На шум сбежалось все семейство, за исключением самого Фогеля, который избегал бурных сцен, так как они могли повредить его здоровью. Старик Эйлер, которого негодующая Амалия призвала в свидетели, сухо попросил Кристофа избавить их впредь от своих посещений и от своих замечаний. И добавил, что они не нуждаются в советах Кристофа, они сами знают, что им следует делать, они выполняют свой долг и будут выполнять его впредь.

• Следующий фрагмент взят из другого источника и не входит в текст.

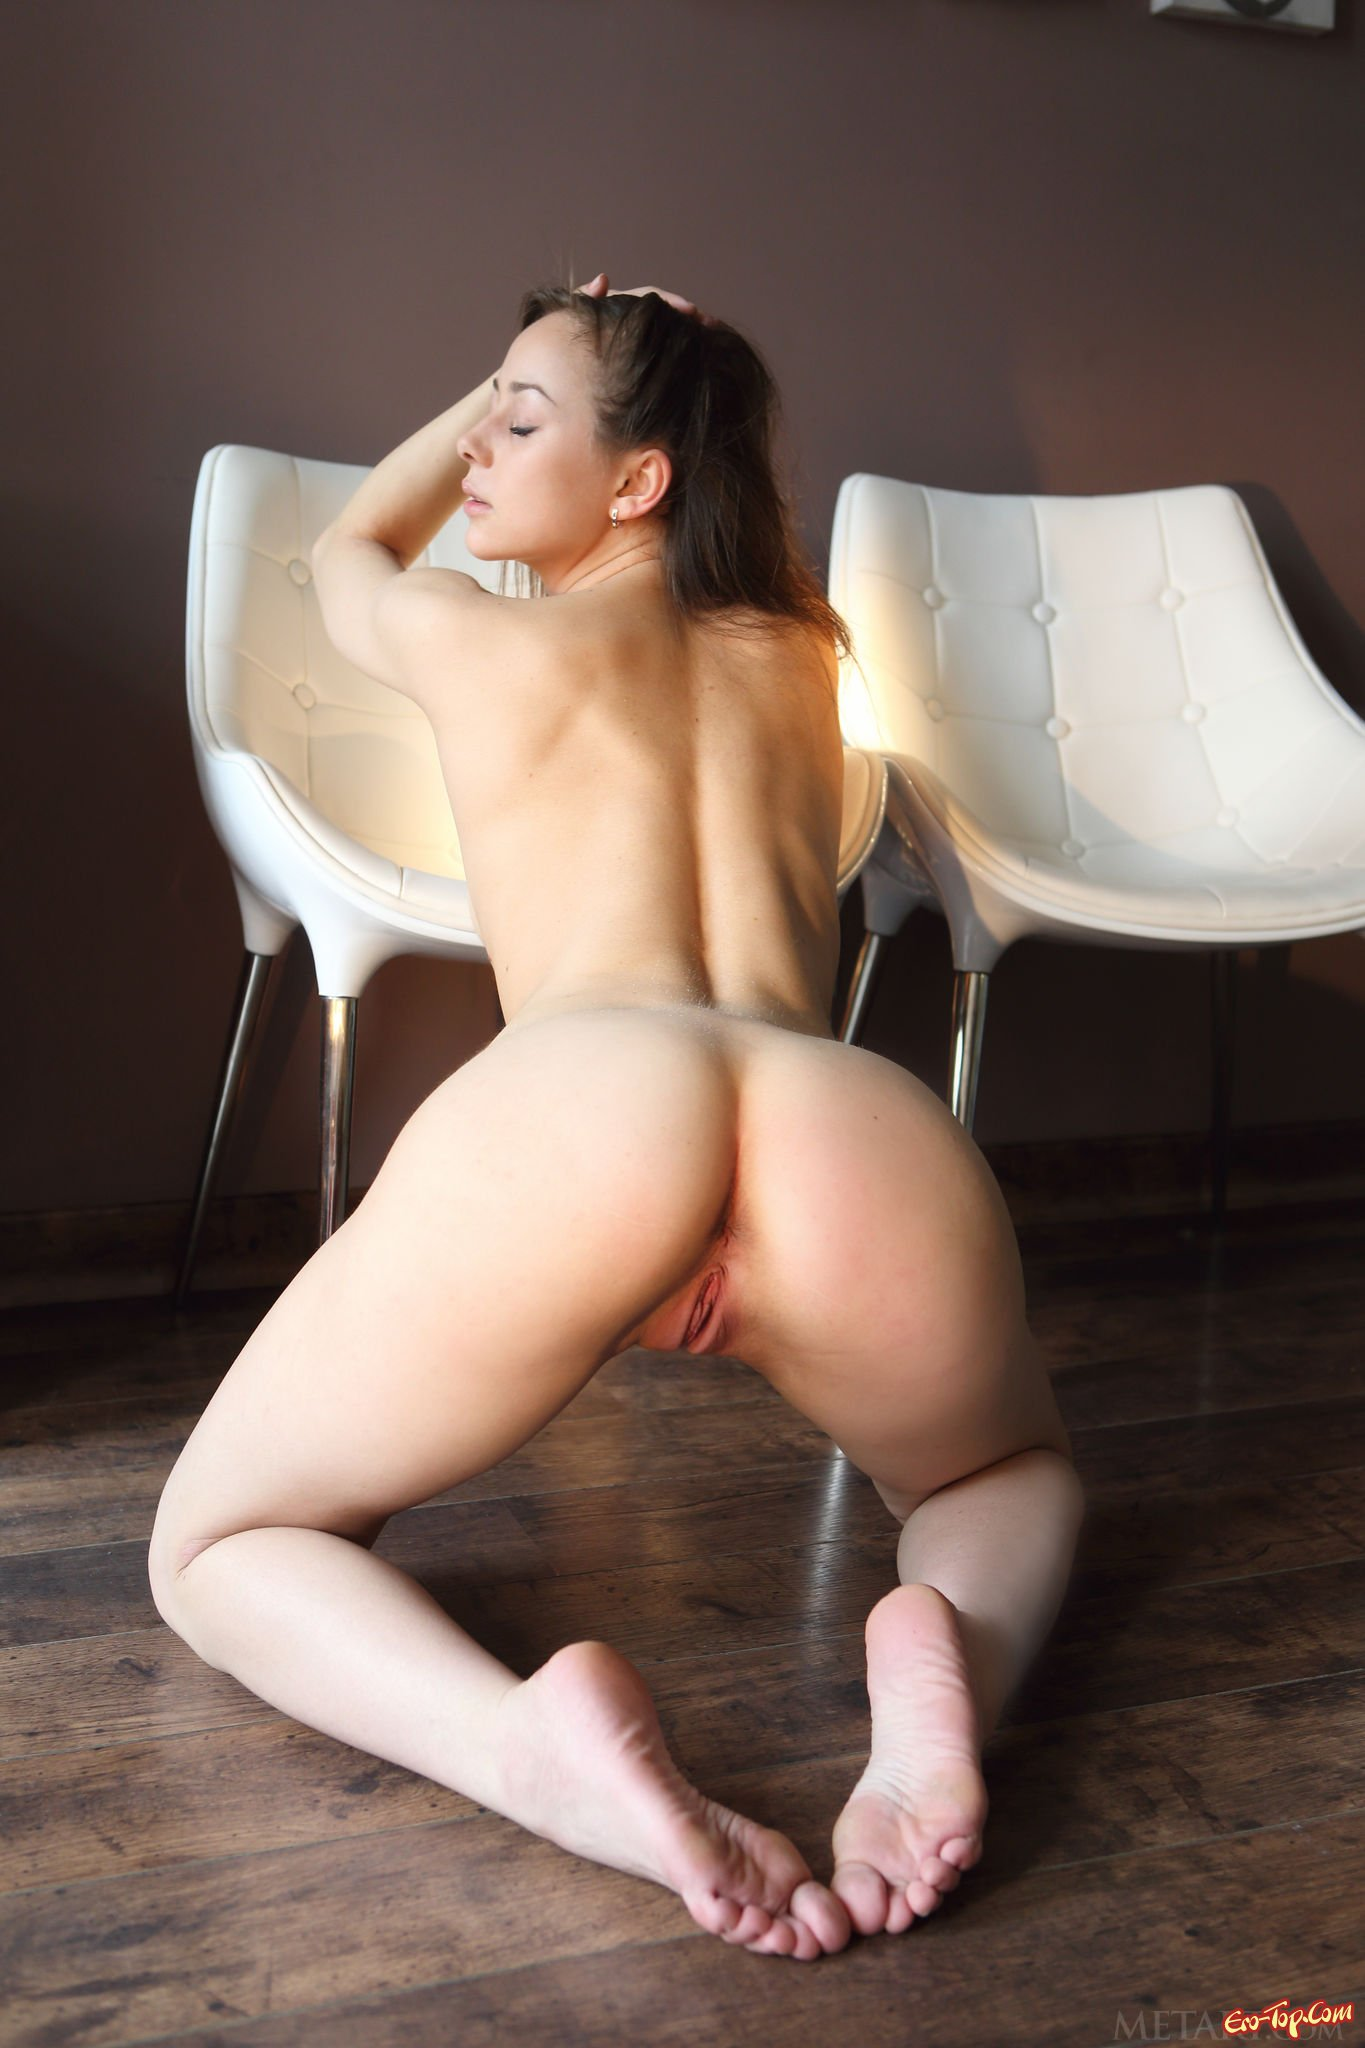 Small ass tumblr
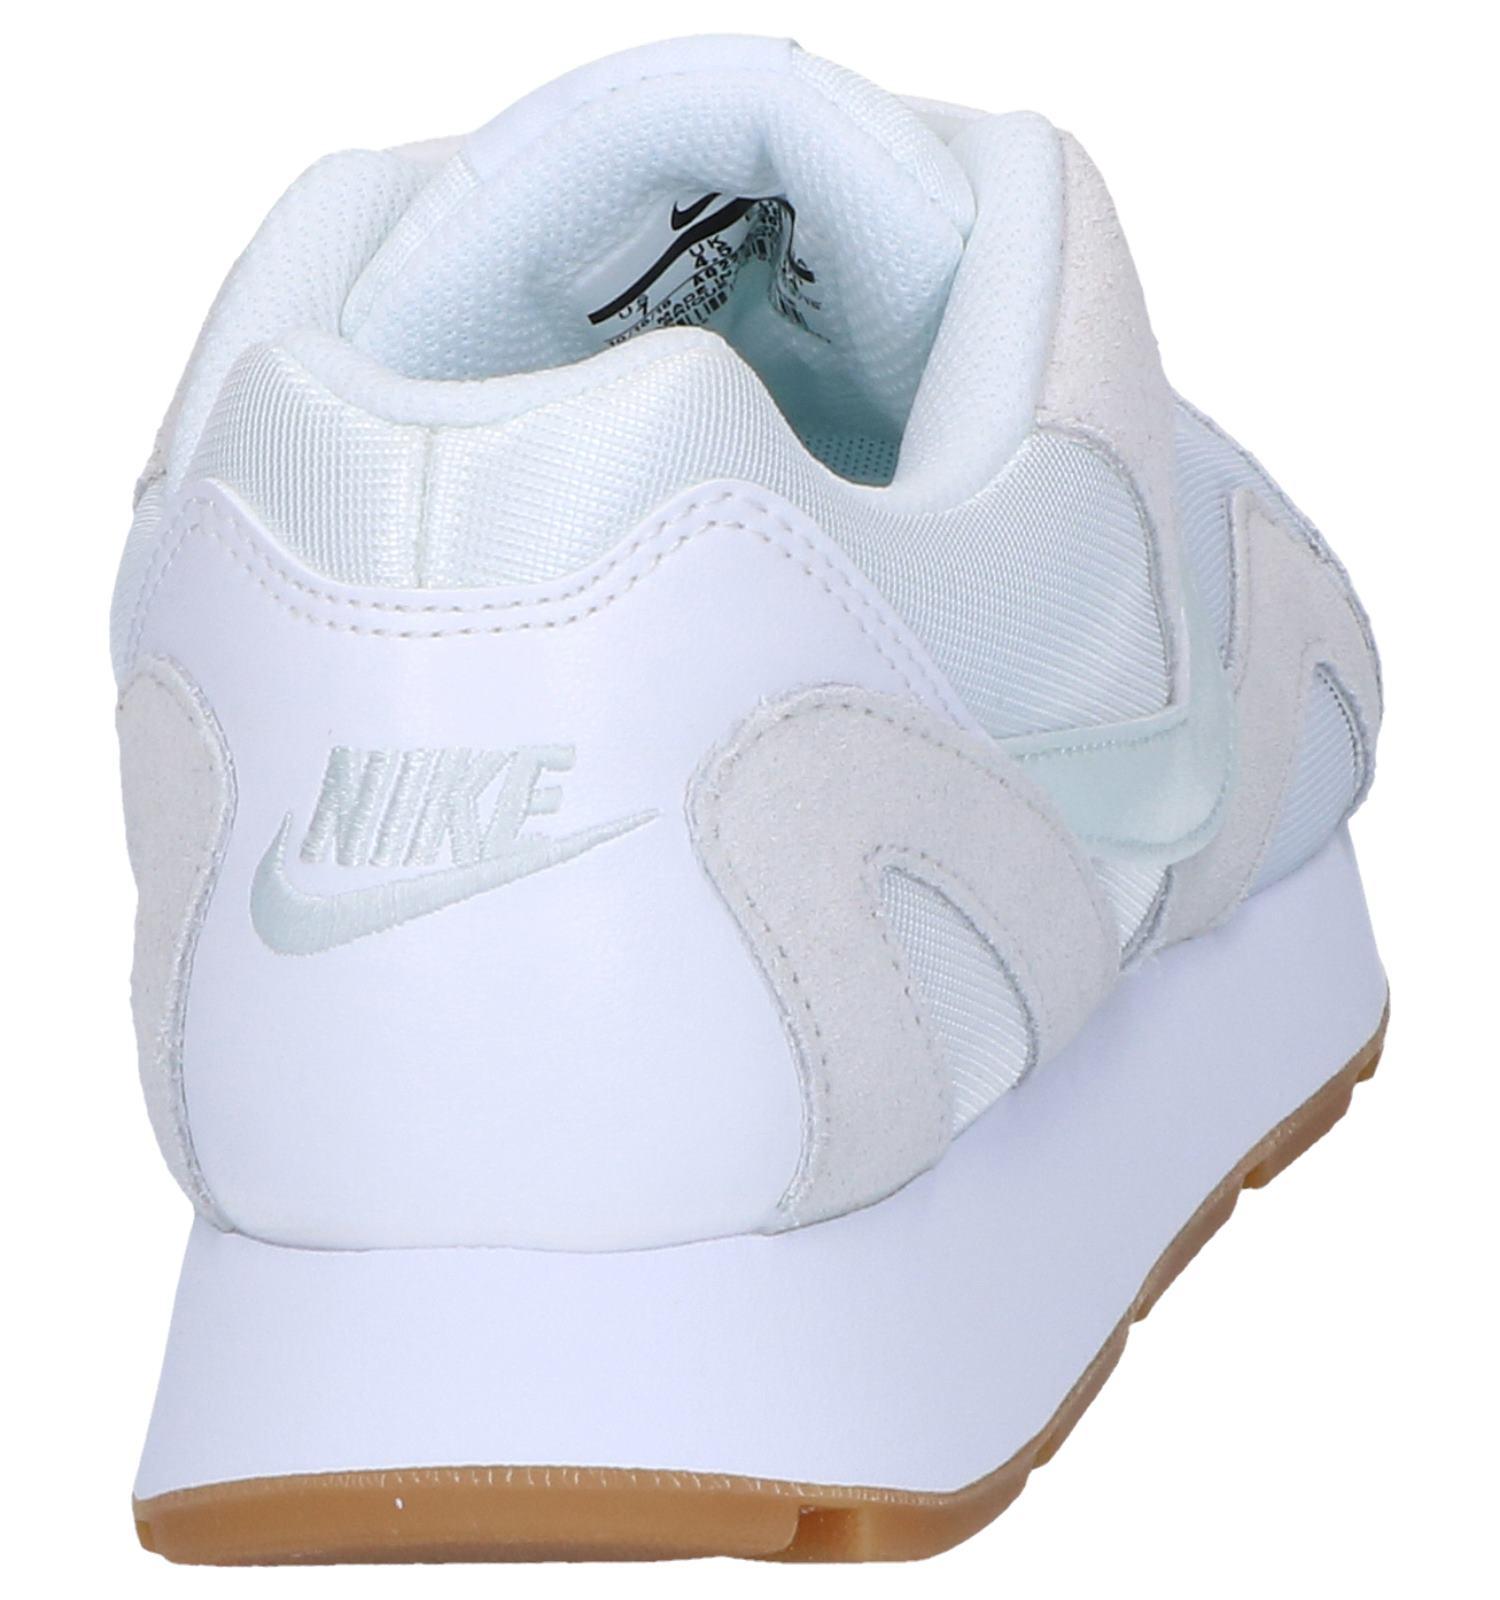 quality design 9afdb 5c3f2 Witte Sneakers Nike Delfine   TORFS.BE   Gratis verzend en retour

Кристоф заявил, что он сам рад уйти и что ноги его больше у Эйлеров не будет. Но, прежде чем уйти, он облегчил душу — выложил все свои соображения насчет их пресловутого Долга, который с недавних пор стал его личным врагом. Сказал, что от такого Долга можно полюбить порок. Именно такие люди, как они, отвращают других от добра, так как благодаря их стараниям оно нагоняет на людей тоску. Именно они причина того, что человек в силу контраста поддается соблазну, который исходит от людей пусть не таких идеально честных, зато приятных и веселых. А на каждом шагу поминать долг ради долга, называть выполнением долга любое, самое глупое занятие, любой пустяк — это значит извращать самое понятие «долг» и вконец омрачать и отравлять жизнь себе и другим. Долг есть нечто из ряда вон выходящее. Подождите, когда дело дойдет до истинного самопожертвования, а не прикрывайте именем долга свой дурной нрав и желание портить жизнь другим. И если человек по глупости или неумению радоваться ходит надутый, это вовсе не значит, что и другие тоже должны ходить повеся нос, — нельзя заставлять здоровых людей жить, как калеки. Первая из всех добродетелей — это радость, и добродетель должна быть свободной, счастливой, ничем не принуждаемой. Творящий добро должен сам от того испытывать удовольствие. А эти разглагольствования о долге на каждом шагу, эта тирания школьных надзирателей, этот крикливый тон, эти бессмысленные споры, эта пустая и ядовитая болтовня, вечный шум, жизнь, лишенная какой-либо привлекательности, прелести, не знающая тишины, этот мелочный пессимизм, который жадно хватается за все, лишь бы обеднить и без того жалкое существование, это всепрезирающее невежество, с помощью коего так легко презирать ближнего, вместо того чтобы понять его, — вся эта мещанская мораль, чуждая величия, радости, красоты, все это и гнусно, и просто вредно; благодаря таким вот людям порок кажется куда более человечным, чем добродетель.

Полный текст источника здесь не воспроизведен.